You can check whether or not a Delta table exists at a particular path by using the DeltaTable.is_deltatable() method.

from deltalake import DeltaTable

table_path = "<path/to/valid/table>"
DeltaTable.is_deltatable(table_path)
# True

invalid_table_path = "<path/to/nonexistent/table>"
DeltaTable.is_deltatable(invalid_table_path)
# False

bucket_table_path = "<path/to/valid/table/in/bucket>"
storage_options = {
    "AWS_ACCESS_KEY_ID": "THE_AWS_ACCESS_KEY_ID",
    "AWS_SECRET_ACCESS_KEY": "THE_AWS_SECRET_ACCESS_KEY",
    ...
}
DeltaTable.is_deltatable(bucket_table_path, storage_options)
# True
let table_path = "<path/to/valid/table>";
let builder = deltalake::DeltaTableBuilder::from_uri(table_path);
builder.build()?.verify_deltatable_existence().await?;
// true

let invalid_table_path = "<path/to/nonexistent/table>";
let builder = deltalake::DeltaTableBuilder::from_uri(invalid_table_path);
builder.build()?.verify_deltatable_existence().await?;
// false

let bucket_table_path = "<path/to/valid/table/in/bucket>";
let storage_options = HashMap::from_iter(vec![
    ("AWS_ACCESS_KEY_ID".to_string(), "THE_AWS_ACCESS_KEY_ID".to_string()),
    ("AWS_SECRET_ACCESS_KEY".to_string(), "THE_AWS_SECRET_ACCESS_KEY".to_string()),
]);
let builder = deltalake::DeltaTableBuilder::from_uri(bucket_table_path).with_storage_options(storage_options);
builder.build()?.verify_deltatable_existence().await?;
// true

Custom Storage Backends

While delta always needs its internal storage backend to work and be properly configured, in order to manage the delta log, it may sometimes be advantageous - and is common practice in the arrow world - to customize the storage interface used for reading the bulk data.

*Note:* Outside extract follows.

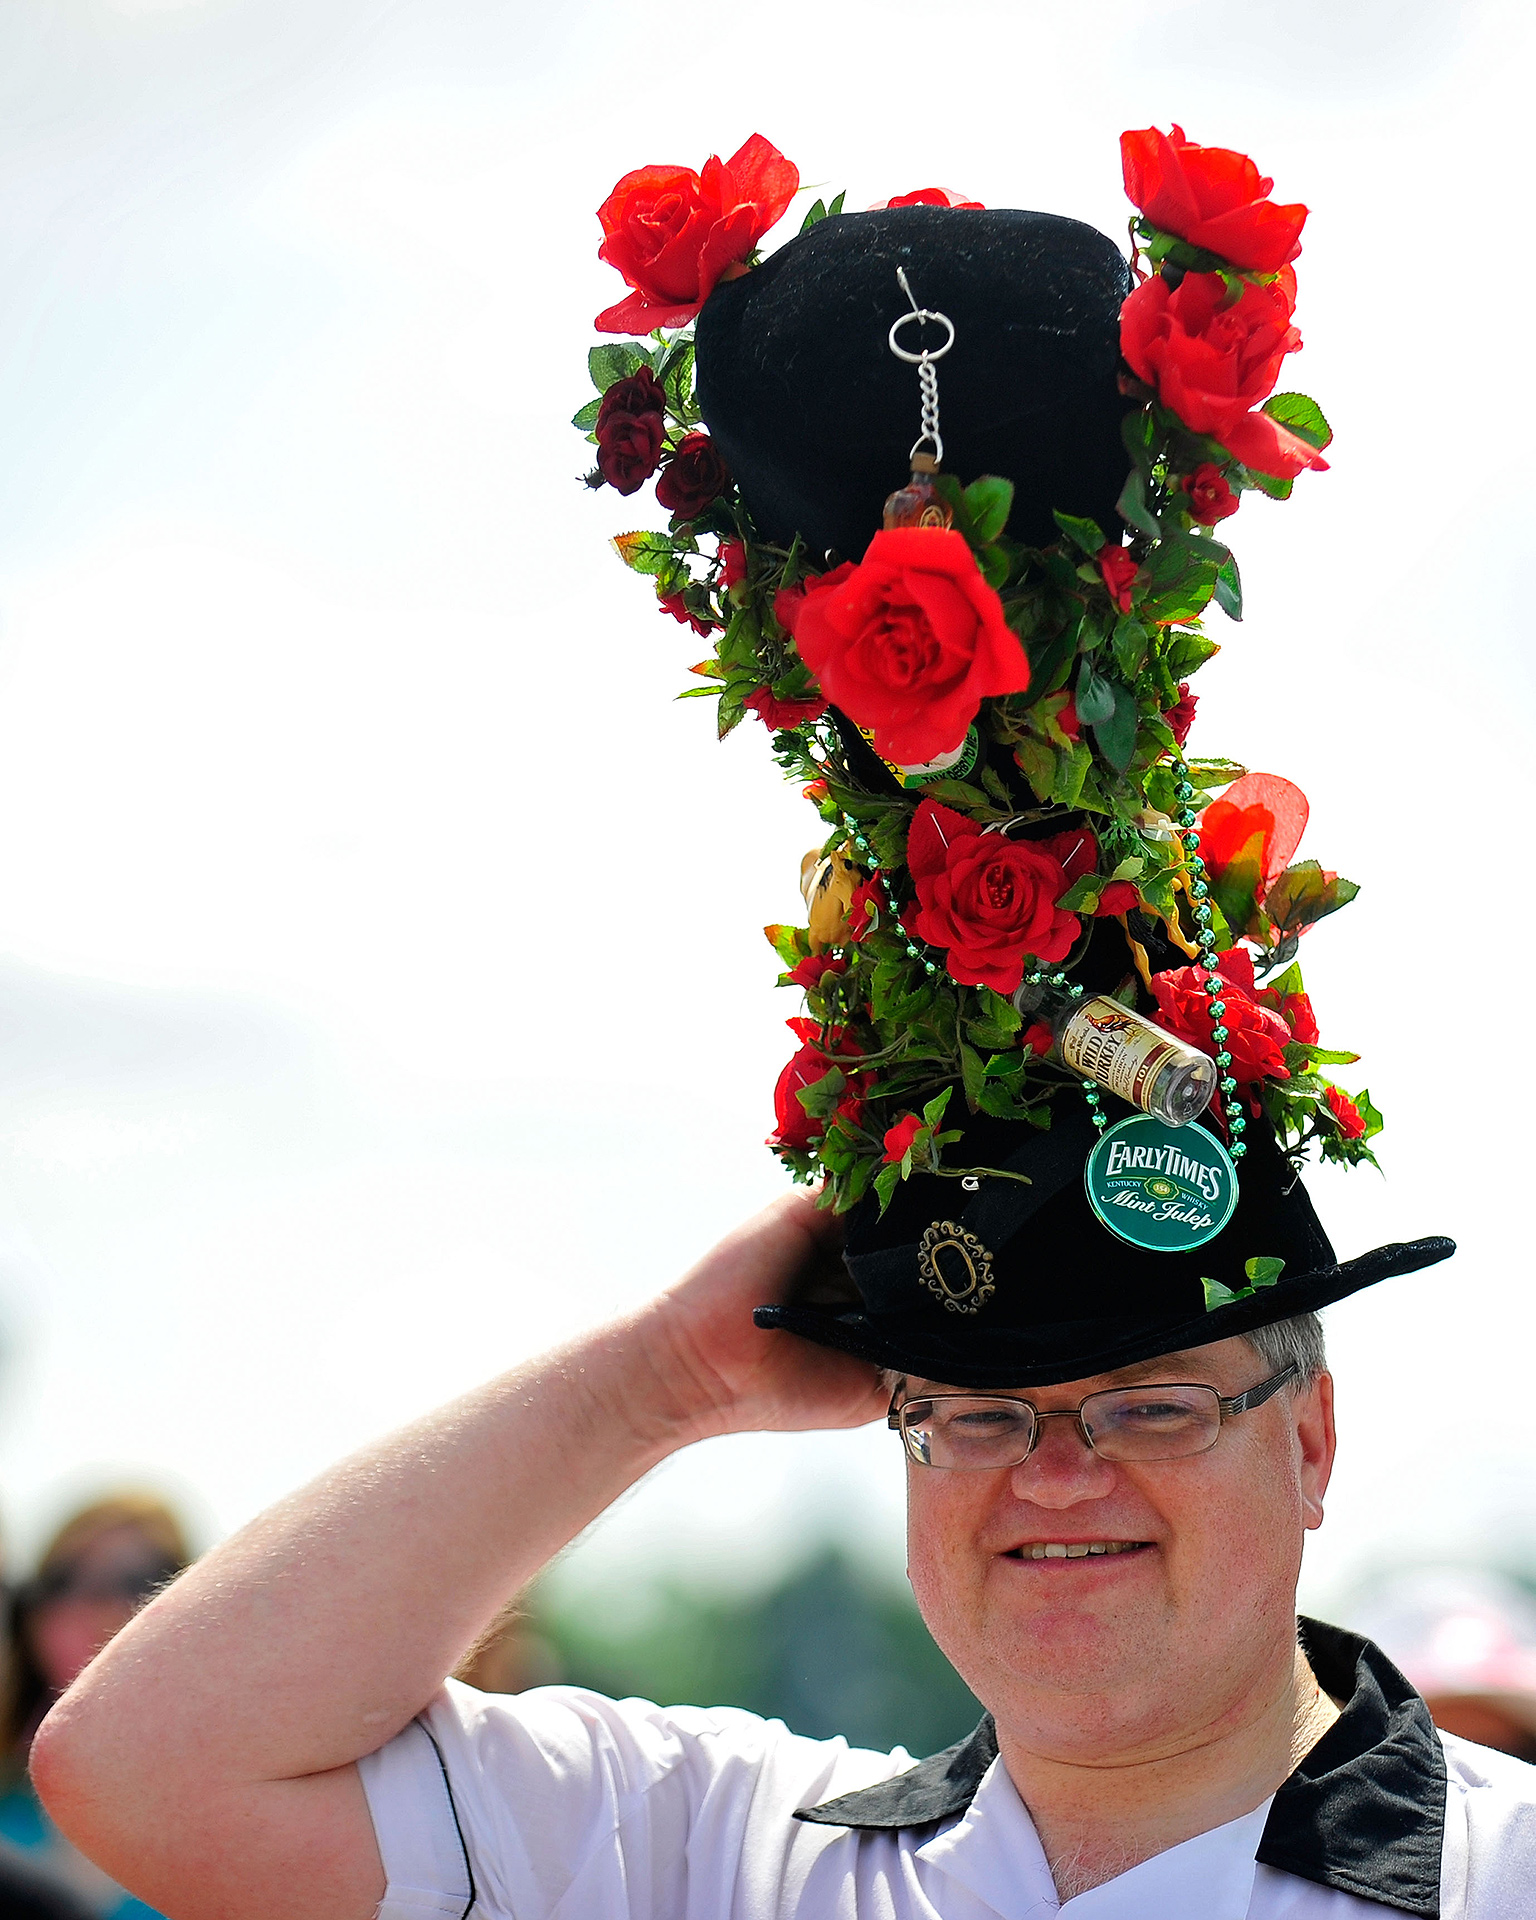 Crazy Derby Hats: Worst Kentucky Derby Fashion

deltalake will work with any storage compliant with pyarrow.fs.FileSystem, however the root of the filesystem has to be adjusted to point at the root of the Delta table. We can achieve this by wrapping the custom filesystem into a pyarrow.fs.SubTreeFileSystem.

import pyarrow.fs as fs
from deltalake import DeltaTable

path = "<path/to/table>"
filesystem = fs.SubTreeFileSystem(path, fs.LocalFileSystem())

dt = DeltaTable(path)
ds = dt.to_pyarrow_dataset(filesystem=filesystem)

When using the pyarrow factory method for file systems, the normalized path is provided on creation. In case of S3 this would look something like:

import pyarrow.fs as fs
from deltalake import DeltaTable

table_uri = "s3://<bucket>/<path>"
raw_fs, normalized_path = fs.FileSystem.from_uri(table_uri)
filesystem = fs.SubTreeFileSystem(normalized_path, raw_fs)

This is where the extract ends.